Home / Fantasy / God Grave / The Council
The Council
last update2025-12-18 04:54:26

The Council chamber was already full when Sereen arrived.

Twelve chairs arranged in a circle, each occupied by a member of the Engine Council—the administrative body that governed all aspects of god-corpse exploitation throughout the empire. Miners and engineers, physicians and philosophers, military commanders and bureaucrats. The most powerful people in the empire, second only to the Emperor himself.

And they were all looking at her.

“Lady Marcellus.” Councilor Venn spoke first—an older man with the weathered face of someone who’d spent decades in the field before ascending to administrative power. “Thank you for joining us. We’ve been reviewing the incident reports from the Lorn Expanse. Concerning developments.”

“Concerning,” Sereen agreed, taking her seat. “But manageable.”

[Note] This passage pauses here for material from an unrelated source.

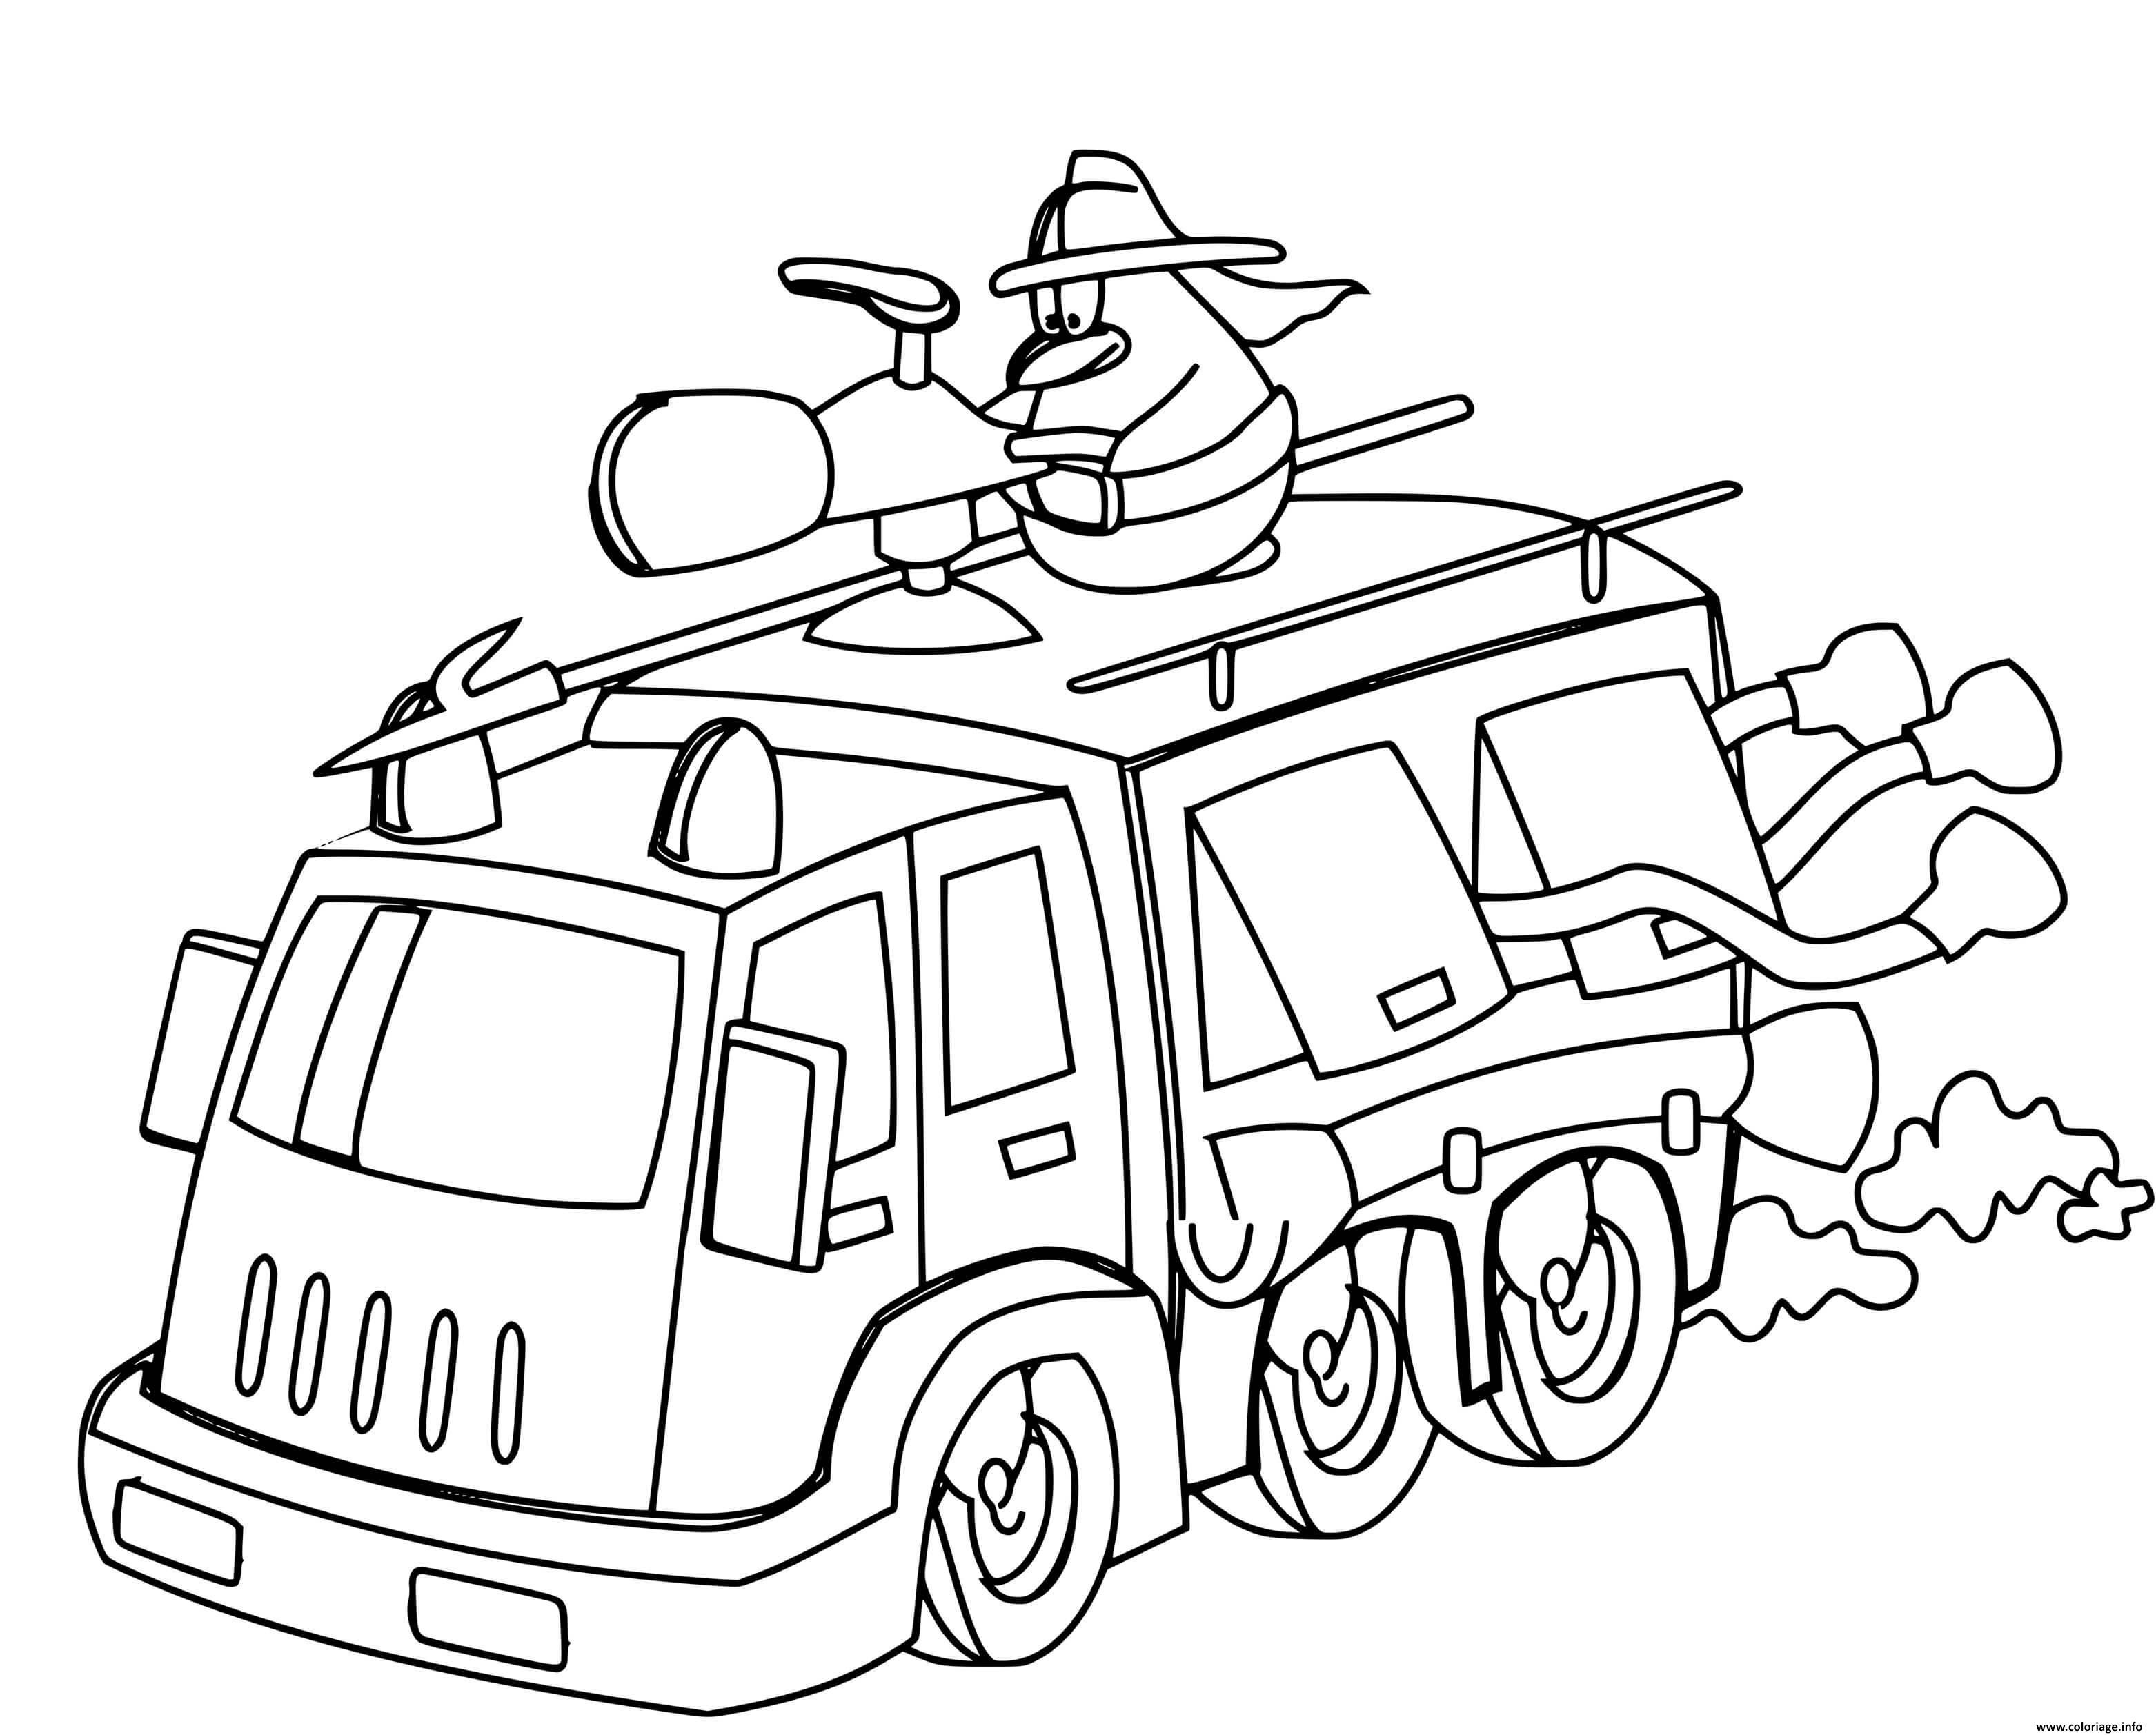 Dessin un dessin anime sur un camion de pompier a pleine vitesse Coloriage Gratuit à Imprimer
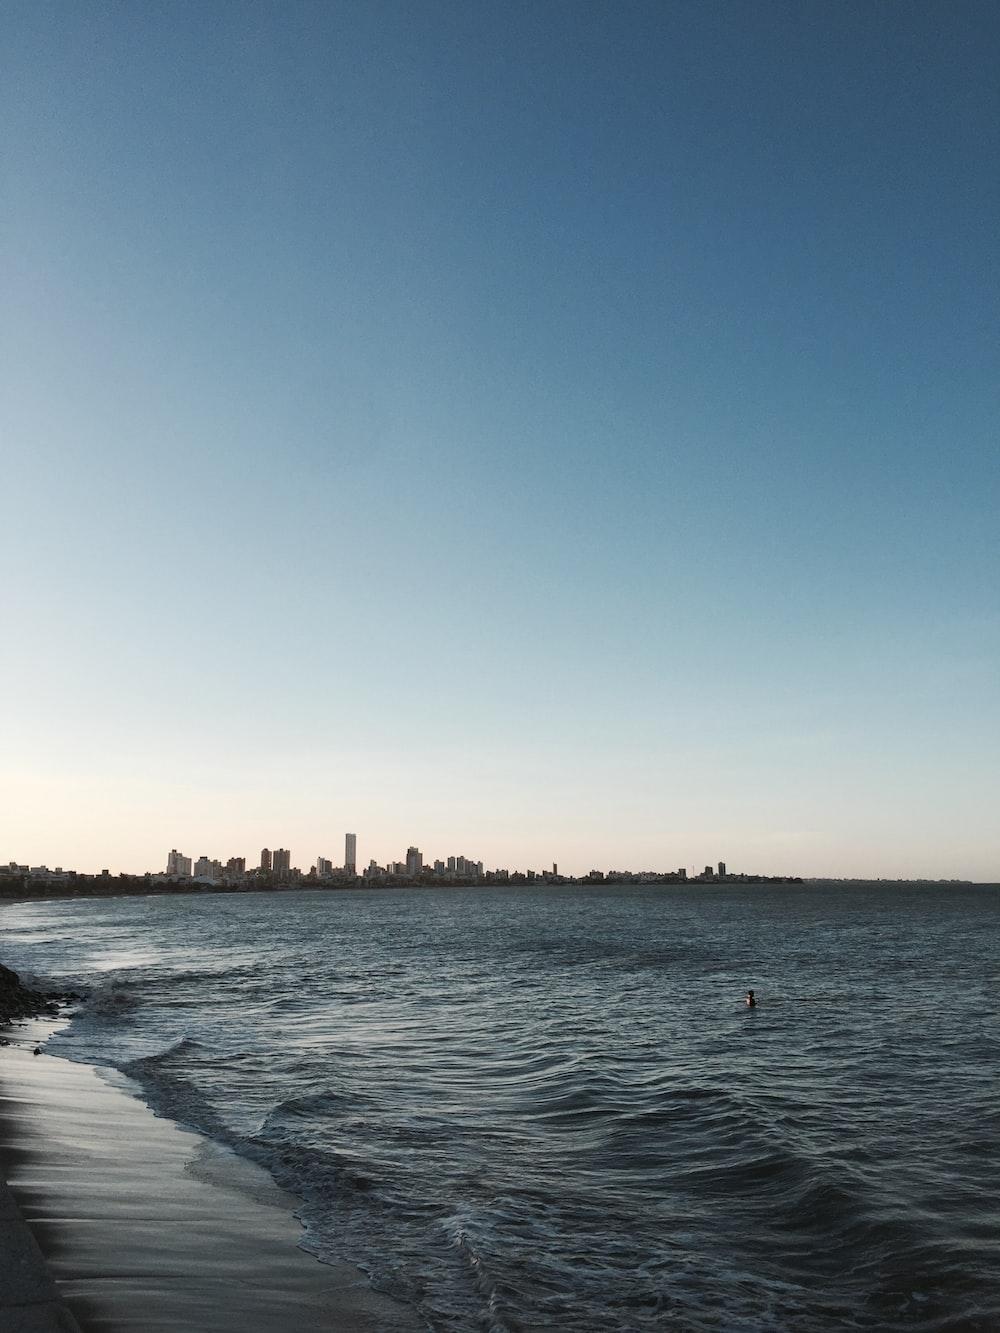 seawave under blue sky during daytime

“Manageable?” Councilor Thrace—younger, aggressive, politically ambitious—leaned forward. “Two unregistered resonants with combined capabilities exceeding our trained operators, currently loose in imperial territory, being actively called by a god-corpse that shows signs of emerging consciousness. That’s your definition of manageable?”

“Yes.” Sereen’s voice was calm, controlled. “Because unlike the rest of you, I’ve actually been working on a solution rather than panicking.”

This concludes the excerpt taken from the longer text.